Masbateño love poem
An espiho
An imo imahe sa espiho
Amo an akon pinakamatahom na tula
Pero pagdali kay ini nawawara
Ini na akon urhi na “Palangga ta ikaw”!


→ French poem ←
Masbateño language
A short translation of my love poem in Minasbate (Masbateño, autonym Masbatenyo) language. This Austronesian, Malayo-Polynesian, Central Visayan language is spoken in the Masbate province (Masbate, Ticao, and Burias Islands) in the Philippines.
Minasbate, shares some similarities with Capiznon, Hiligaynon, and Sorsoganon.
Also influenced by Waray, Bicolano, and Cebuano, it has approximately 600,000 speakers. For less than one-eighth of them, it is their mother tongue.
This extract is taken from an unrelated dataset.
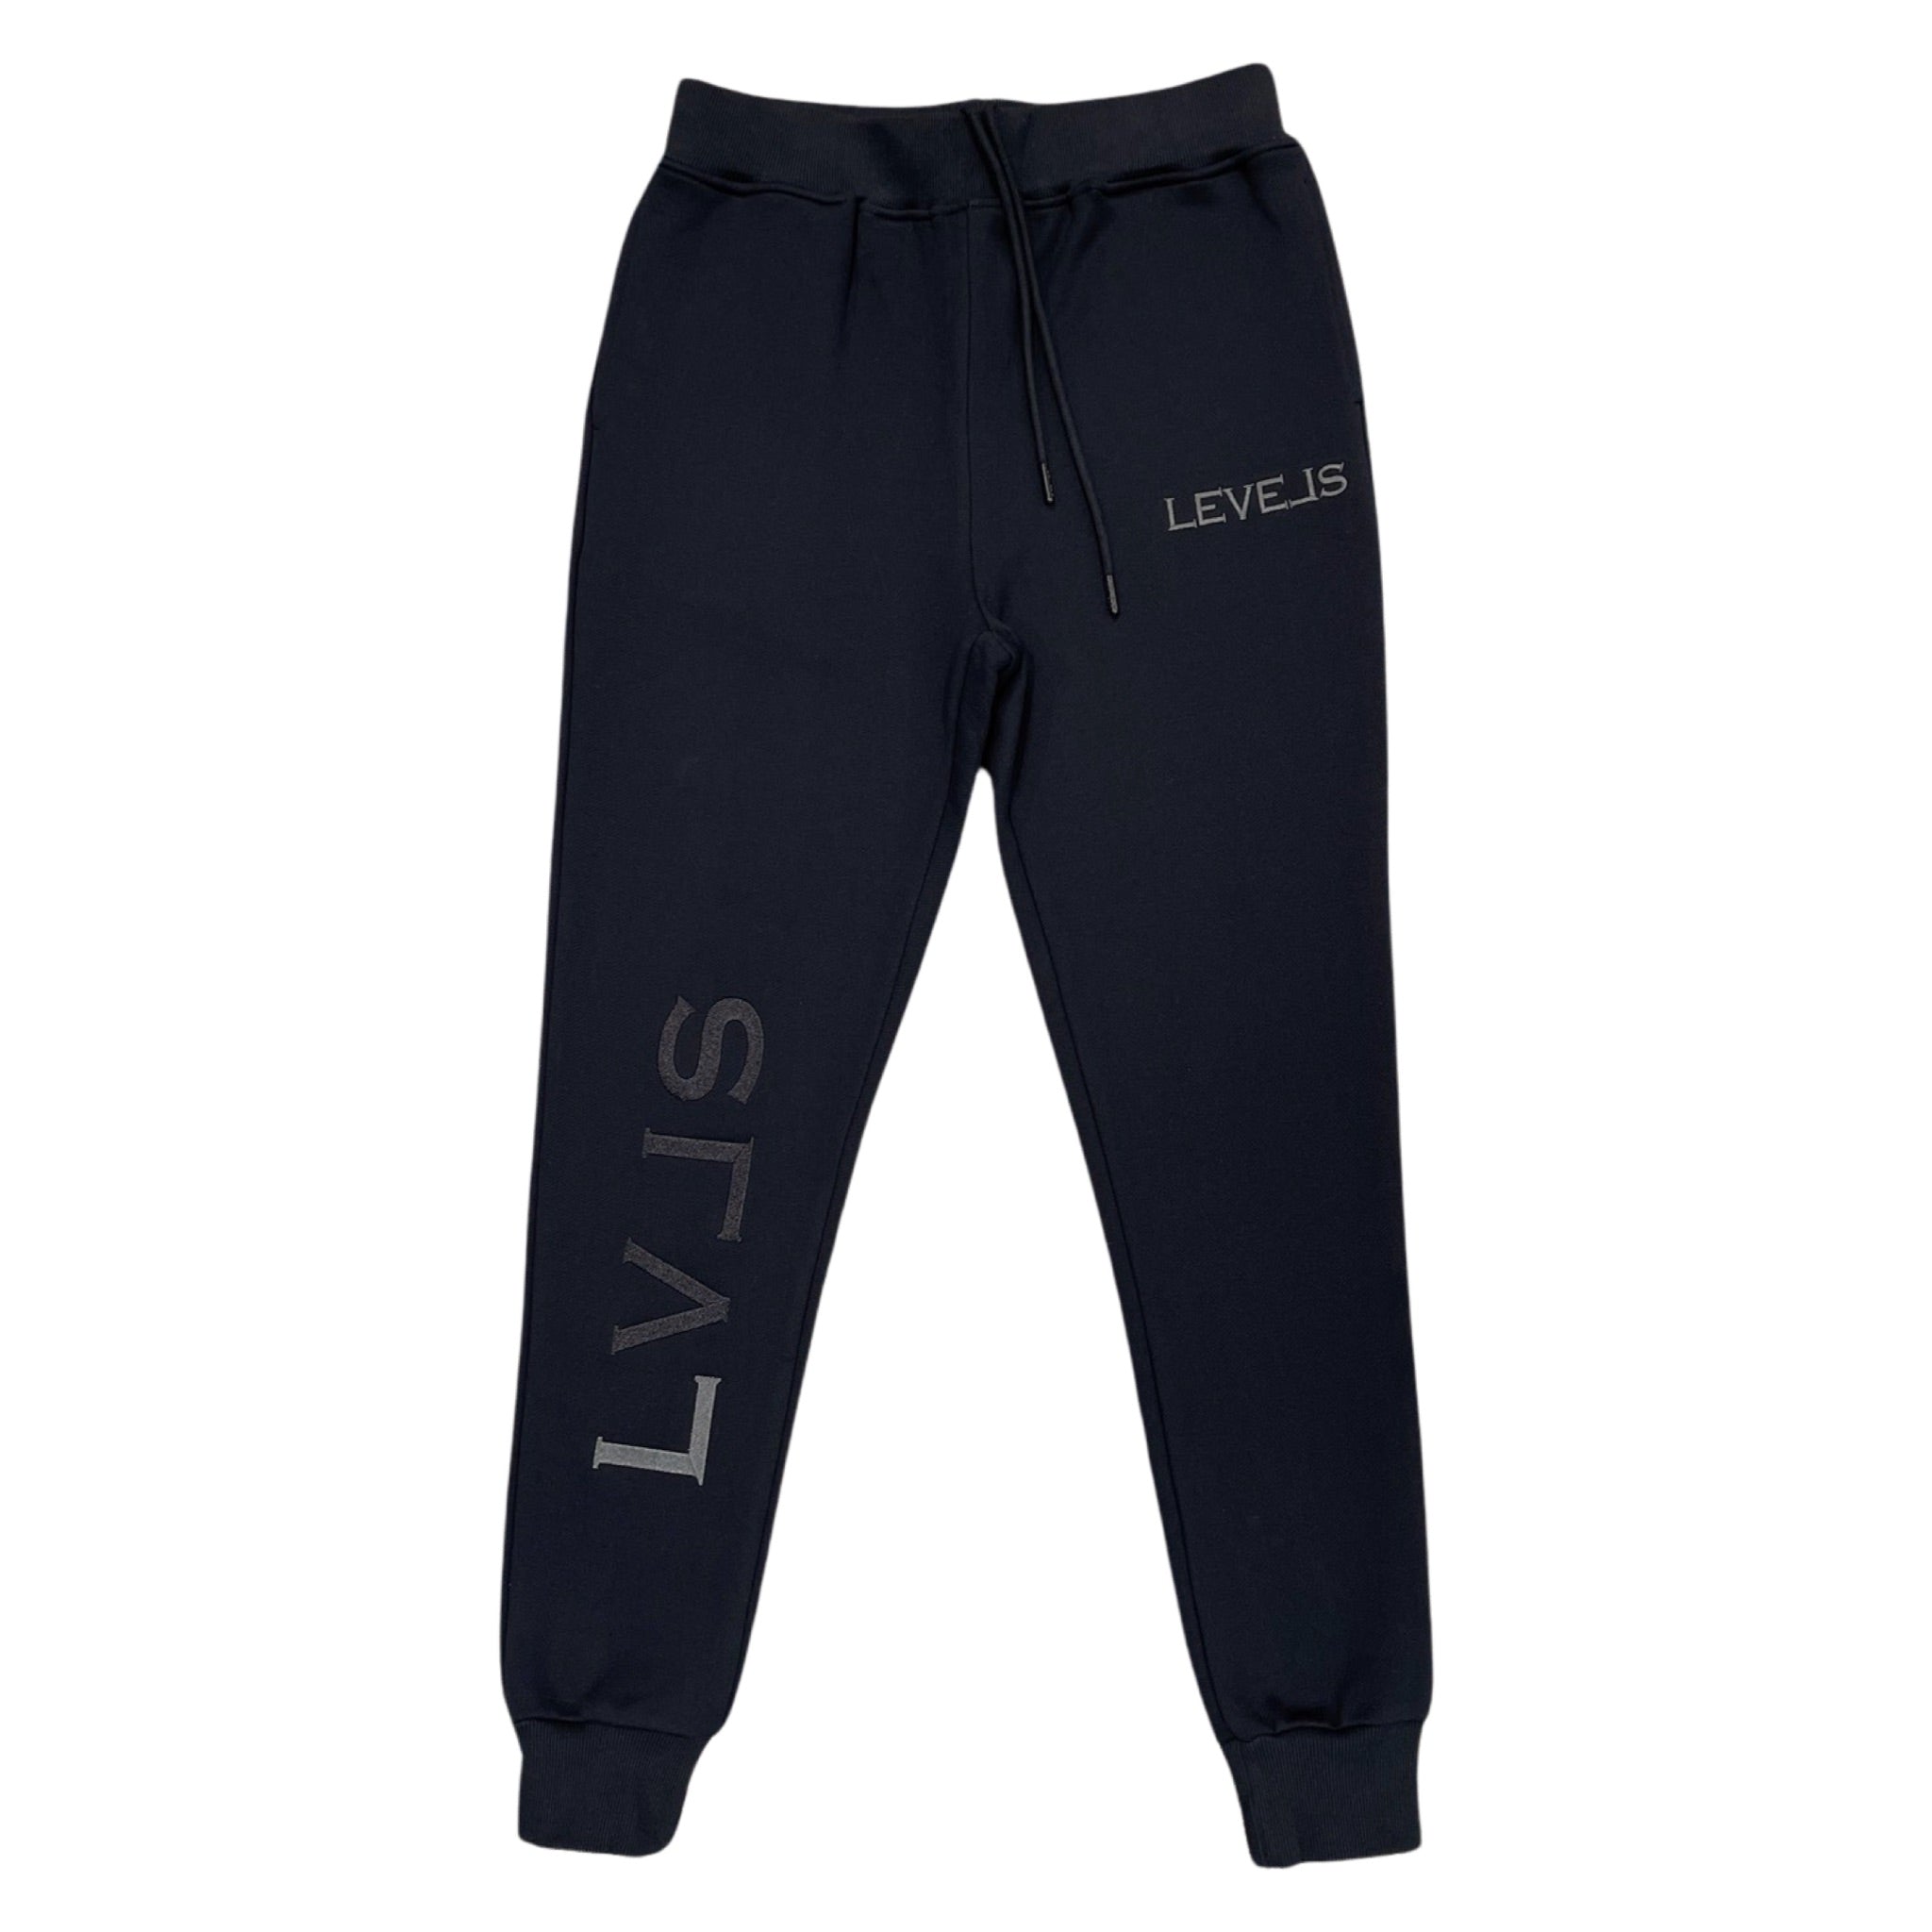 LEVELS, LLC Apparel & Accessories LUXE LVLS EMBROIDERED JOGGERS (ONYX)

The Minasbate (Masbatenyo) people use it to communicate with each other, and teach it in their schools.
Generally, this language is divided into three dialectal variants: northern, southern, and western. This translation comes from the capital, the city of Masbate, where people speak the northern dialect.
Masbate
The province of Masbate, which is in the center of the Philippines, includes three main islands (Masbate, the largest, Burias to the north and Ticao to the east) and 15 smaller islands.
Their central location has long made these islands a crossroads, a melting pot of cultures and languages. Particularly, in the 1960s, when a massive influx of migrants settled there.
The word Masbate has a controversial origin... mas bati (better understood), masa batí (to mix, beat), or perhaps basbat, which refers to its gold mines.
After Indonesian and Chinese traders, these volcanic islands were reached in the 16th century by the Spanish (Luiz Enriquez de Guzman).
Masbate's wealth is based on fishing, crops (rice, coconuts (copra), corn, and tobacco), livestock, and mining, particularly gold and manganese.